I think he’s going to spend Thanksgiving rescuing his Grammy.

8 1/2

That’s eight and a half hours in the ER. We left at 5 p.m. It’s now almost 2 a.m. I haven’t eaten since lunch, and I’m sitting here eating baba ghannouj with a spoon and drinking V-8 Fusion because it hurts when I chew because I had a tooth extracted yesterday.

Mom was severely dehydrated and we couldn’t seem to stop the diarrhea. So they took all kinds of her fluids for testing, stuck a hydrating infusion in her arm, X-rayed her and did a CAT scan of her stomach and intestines. They didn’t find anything that we didn’t already know was there — nothing that would be causing her to spend so much time sitting on the commode. So, just in case, they gave her an antibiotic and we loaded up on gatorade on the way home.

And just to make the day complete, as I was rushing around making sure I had her health insurance info and stuffing extra clothes for her in a bag, along with a water bottle, kleenex etc. etc., my flip-flop caught on something sticking out of her wheelchair and I did some damage to my second toe on my left foot. No time to worry about that, right?

At the hospital, my toe started throbbing; turning purple. I had the option of signing myself into the ER too and have my toe X-rayed, but that would have left my sib to deal with my mother all by himself. My toe hurt and looked gross, but I could bend it and move it, so I figured it’s just a bad bruise. I opted to tend to the reason we were there in the first place.

She is supposed to consume nothing but ginger ale and gatorade for the next two days. If she refuses to drink — as she has been doing midst fits of dementia — it’s back to the hospital and back on the IV.
I’m wondering how they ever manage situations like this in nursing homes. It took two of us to manage the care of one of her.

I’m still hungry. But I’m also tired. I don’t know which need I’ll fill after I post this. Either way, it’s been a hell of a day.
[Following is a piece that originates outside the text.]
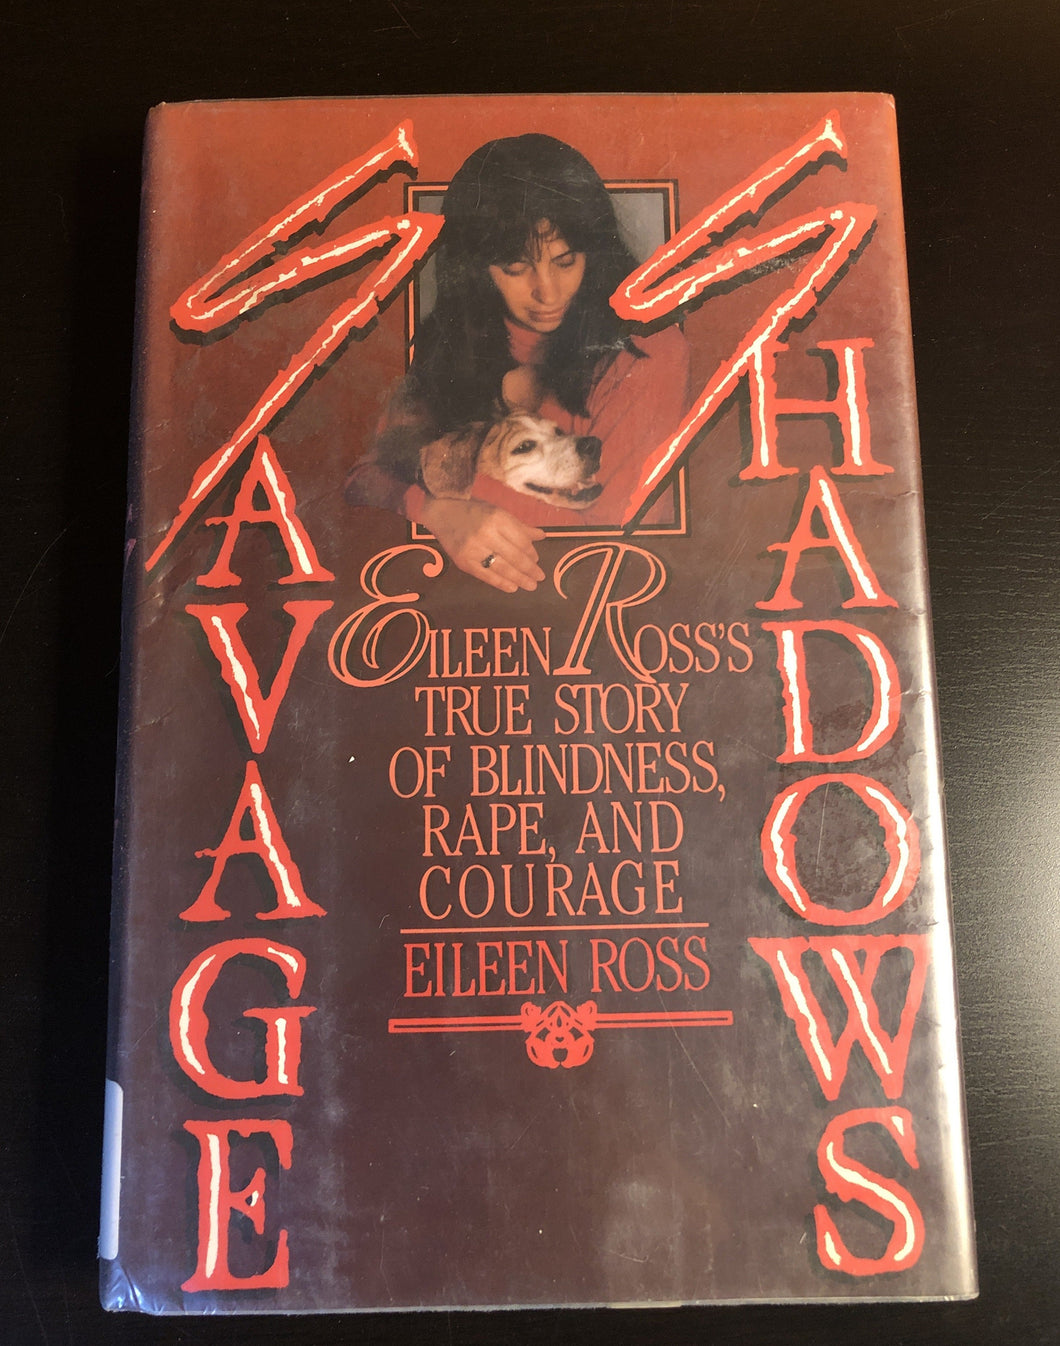 Savage Shadows: Eileen Ross's True Story of Blindness, Rape, and Courage

a mother’s day reality bite

The Limerick Savant has put out a call for Mother’s Day limericks. I dare the jester to print this one, an original by this burned out, currently bitter caregiver:

Of mothers there are varied kinds.
Some are honored; some are maligned.
There’s no perfect mater
and sooner or later
you learn to accept what you find
To “mother” with grace is not easy.
You’re expected to always be breezy.
And when you mother your mother
‘cause a choice there’s no other
you likely go out of your mind.

Anyone with a Mother’s Day limerick to share, email your creative endeavor to limericksavant@gmail.com.

Obviously, I had a meltdown today. Told my sib I just don’t care anymore. Either he agrees to let me hire someone to come over here and give her some companionship, or I give him whatever money she gave me and I’m out of here. (The reasons why I only have those two choices are too dysfunctionally private to share here.)

I left home when I was 17 because I couldn’t get along with her (I’ve blogged about that before). When I thought she couldn’t live on her own anymore and she was always calling me long distance about various ailments, I decided to take her on, hoping that we both had changed enough to find a way to coexist — if not actually enjoy each other’s company. What an idiot I was.

I find that I don’t mind at all doing all of the chores, both for her personally and just general cooking and cleaning. I just can’t stand her company. I am a terrible daughter. And I don’t feel bad about that at all.

According this site, she’s nearing the end of stage 5 dementia, moving rapidly into stage 6. There’s one more stage after that, and she could live another decade. F**K!.